Q. Dear Zenagos,
I’m in my first sales job, and I always get nervous when customers ask the price. How do you do it?
It is common for a salesperson to be anxious about stating the price. It may be your experience that stating the price causes the prospective buyer to drop out of the sales process, which is disappointing. However, if you allow a fear of stating the price to grow, you may start to make larger errors, like discounting the price unnecessarily.
Build the Relationship First
Before you state the price, it is important to build a relationship with the prospective customer. Make a warm greeting. Try to develop some rapport, and ask about the customer’s needs. This takes some patience, especially if you have a tough sales quota. However, there is no substitute for building a warm relationship. People give their business to salespeople whom they like.

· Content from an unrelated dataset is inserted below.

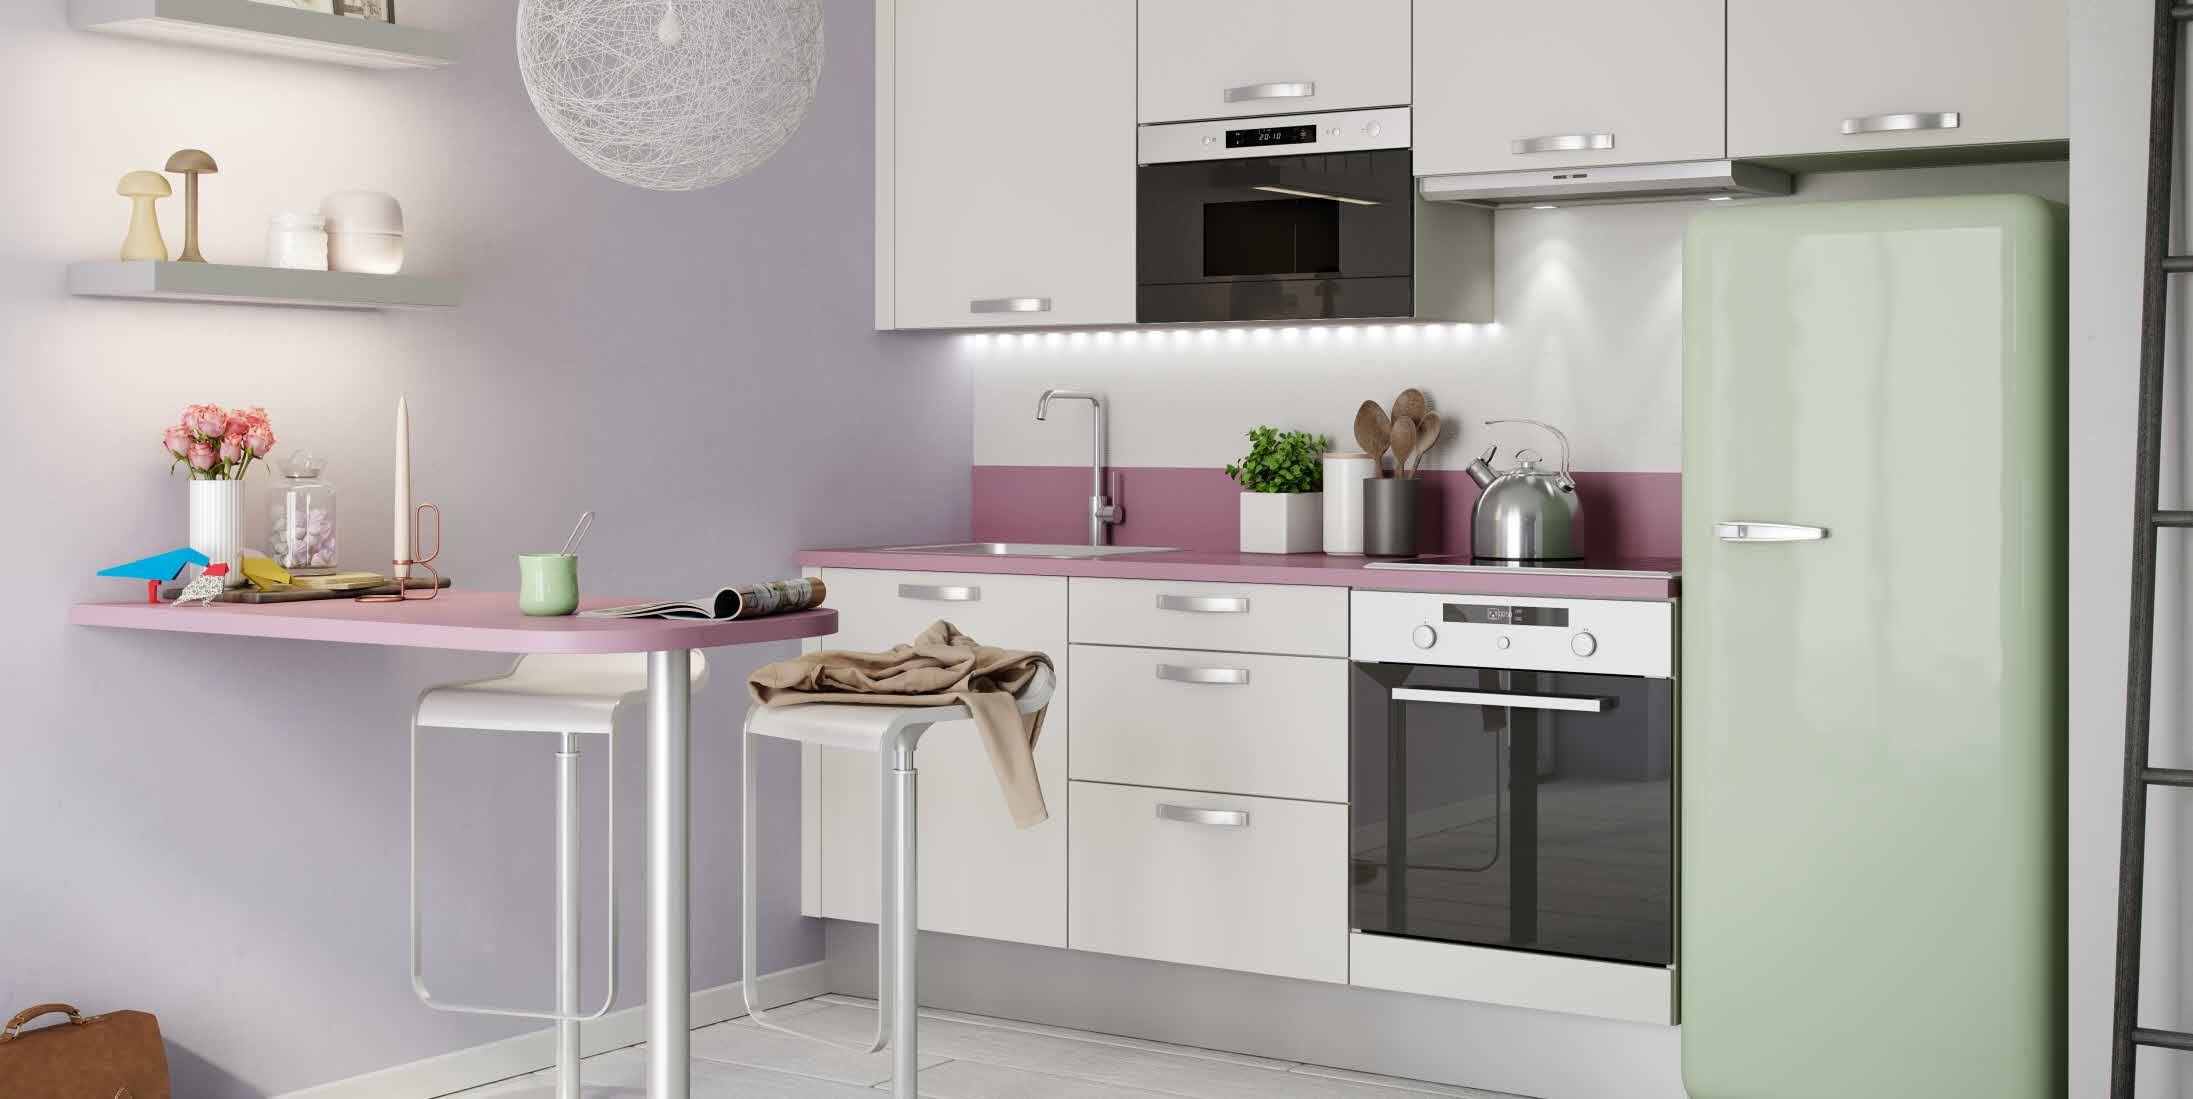 cuisine prima blanc d 39 hygena et couleurs pastel ambiance d licieusement f minine garantie. Black Bedroom Furniture Sets. Home Design Ideas

Understand the Customer’s Need
Before you can sell your product, you need to understand your customer’s pain or problem they wish to solve. Ask questions, learn what they have tried before and what is most important to them. With this knowledge, you will be able to position your product as a potential solution to their problems.
Articulate the Value
Once you understand the prospective customer’s needs (and have repeated them for confirmation), demonstrate how your offering meets those needs. Sell the value. Customers object to the price when they can’t perceive the value of the offering. If you can explain how your offering meets the need – providing real value for the customer – then price will become a less important issue.
Believe in the Value
When it is time to state the price, say it clearly and then stop talking. Believe in the value you are offering. If you immediately follow the price with a bunch of chatter, the prospective customer will see that you doubt the value and will be influenced by your doubt. If you haven’t already convinced the prospective buyer of the value, it is too late to do so after stating the price. State the price and then smile. Wait. There may be an uncomfortable silence. That’s okay. Wait for the prospective customer to make the next move.
Address Objections with Confidence
The prospective customer’s next move may be to state an objection – about price or about something else – and that’s all right. You know the best way to address each objection, so you are in a strong position. Address the objection and then ask for the sale: “Shall I go start the paperwork?” If you get another objection, continue this cycle of addressing the objection and asking for the sale until the prospective customer is ready to buy (or produces an objection that you cannot address immediately, leading to a later follow-up). Have confidence that you know what to say.
You know intellectually that you can’t win every sale, but that doesn’t make it easier when you lose a sale after stating the price. Do your best not to give that moment too much power. If you have done your best to articulate the value of your offering – and you truly believe in that value – you will win your fair share of business.